Sur son thème de prédilection, la lutte contre la pollution, Anne Hidalgo persiste et signe : elle fait appel de la décision de justice sur la piétonnisation de la rive droite de la Seine et elle a signé un arrêté municipal pour maintenir l'interdiction de circuler aux voitures. "C'est une victoire politique", se réjouit Rémi Féraud, qui cite "la pétition en faveur des voies sur berges piétonnes, l'événement qui a réuni des centaines de piétons et cyclistes, et le ralliement d'une grande partie de la droite parisienne au principe d'une piétonnisation."

L'heure est à la "remunicipalisation" de l'image de la maire, après une longue séquence internationale en 2017 : campagne pour les Jeux olympiques de 2024, reconquête des touristes refroidis par les attentats et présidence du C40, un réseau mondial de métropoles dont l'objectif est de lutter contre le "réchauffement climatique" (!!!).

Manifestation pour le maintien de la piétonnisation des voies sur berges, à Paris, le 10 mars 2018. (AURELIEN MORISSARD / MAXPPP)
 
"Autoritaire, sectaire et hystérique"

Si le ciel commence à s'éclaircir, le cabinet de la maire surveille tout de même le "Hidalgo bashing", souvent "venu de la droite et de l'extrême droite". "Il y a une convergence d'attaques, portées essentiellement par la presse d'opinion et les réseaux sociaux", estime un proche, citant notamment les articles du Figaro, de Valeurs actuelles et de L'Opinion. "Dans un contexte national où toutes les figures de gauche ont disparu, elle se prend tous les coups."

Son équipe pointe aussi le "sexisme" des attaques qui la visent : elle est dépeinte comme "autoritaire, sectaire et hystérique, là où on estime que des hommes ont du caractère et savent trancher", déplore encore ce membre du cabinet d'Anne Hidalgo. Une "argumentation très faible" aux yeux de Florence Berthout. "Il y a toujours un fond de misogynie dans le monde politique mais si c'était le cas, je serais la première à dénoncer des critiques sexistes", assure la patronne des Républicains à Paris.

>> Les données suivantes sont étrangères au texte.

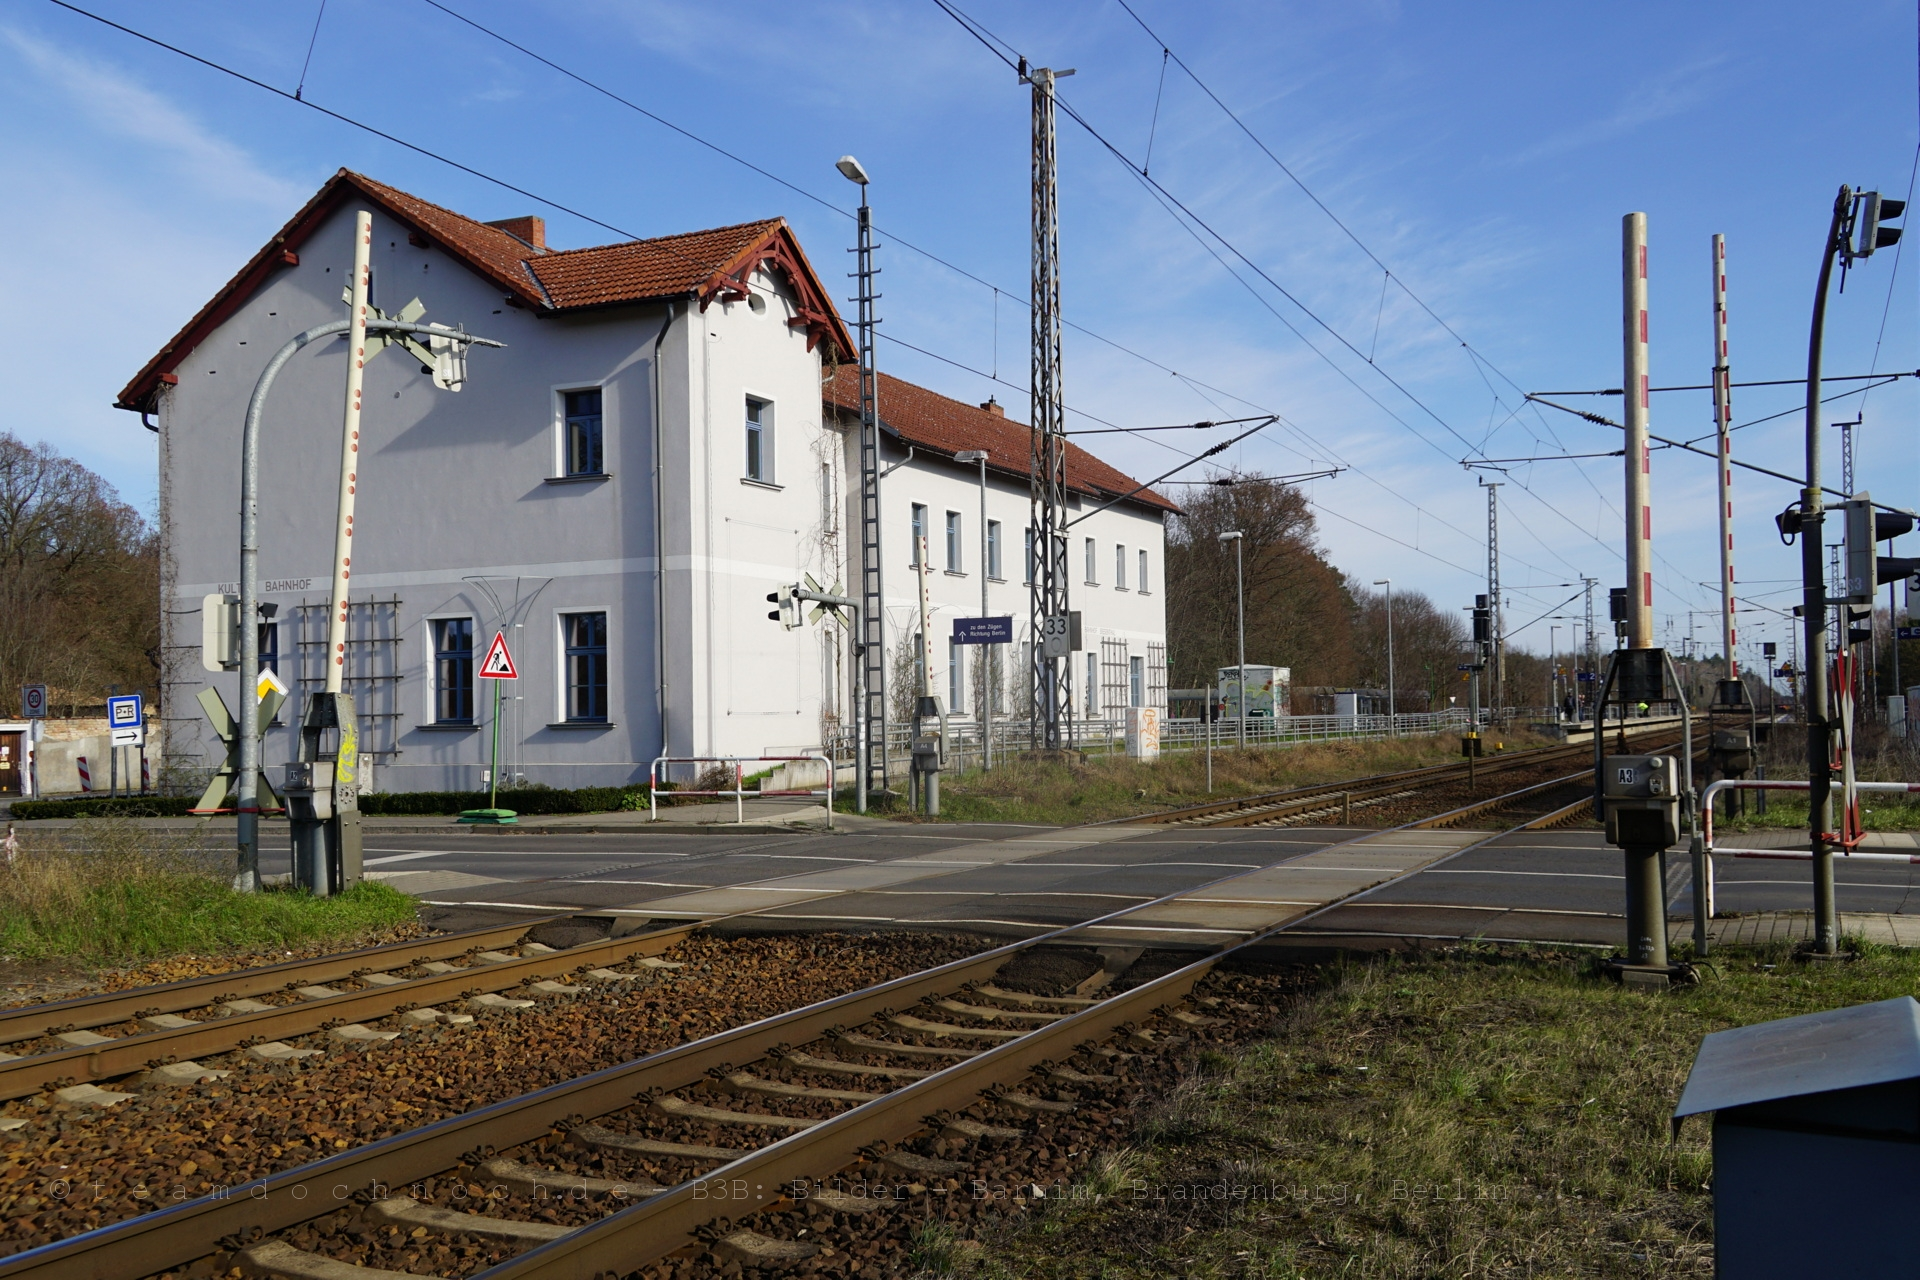 Empfangsgebäude und Bahnübergang L29 am Bahnhof Biesenthal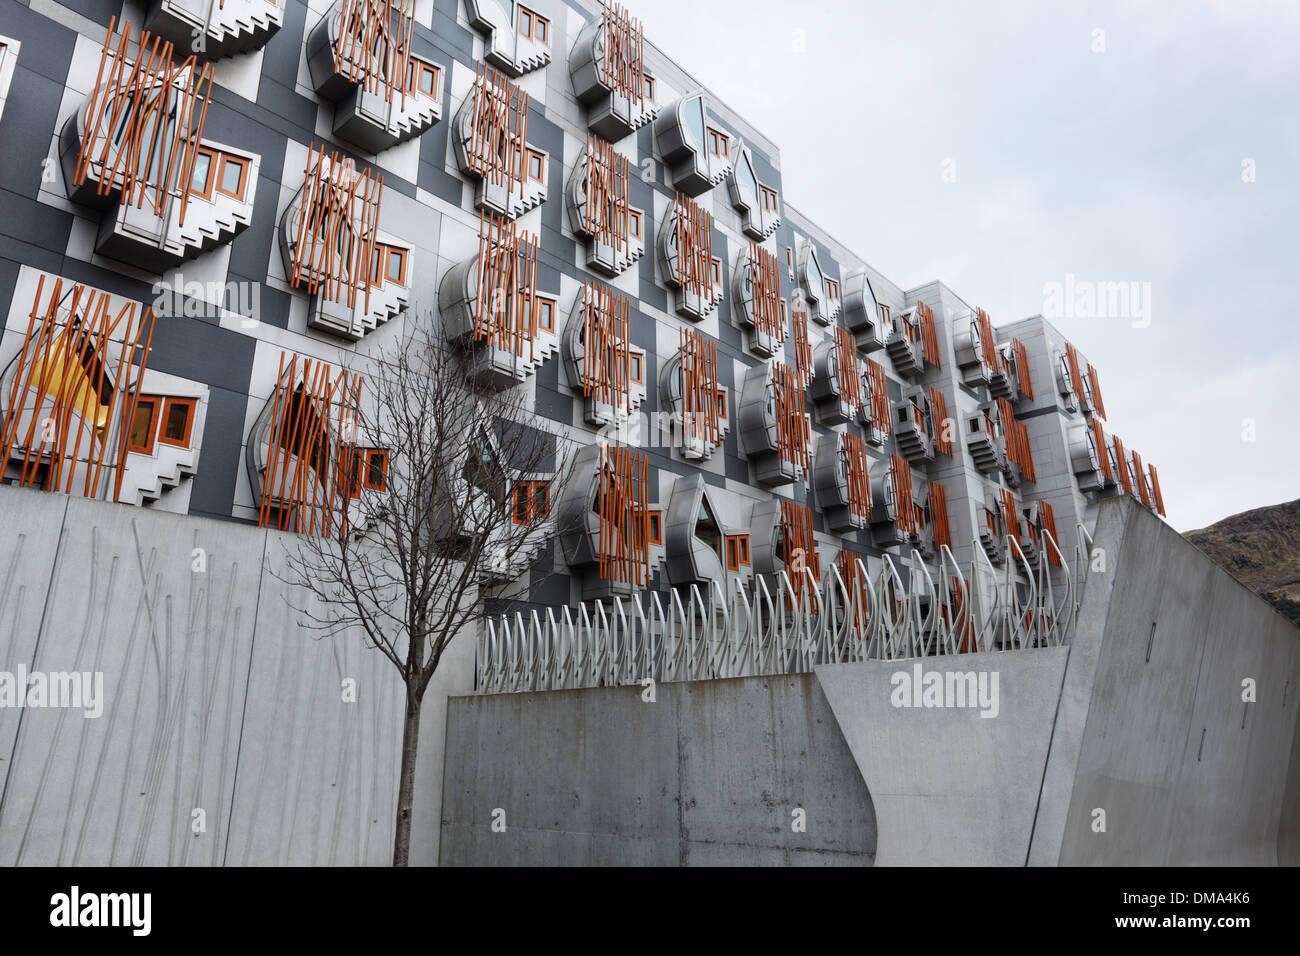 Dettagli architettonici. Il Parlamento scozzese di edifici. Holyrood. Edimburgo. Regno Unito. Foto Stock

Après une cure de terrain, éloignée des polémiques, Anne Hidalgo devrait revenir sur le devant de la scène médiatique en juin, à l'occasion de la sortie d'un livre défendant son bilan, sa politique environnementale et ses mesures "anti-voitures". Initialement prévue en avril, la publication en a été décalée. Une manière de laisser passer la tempête.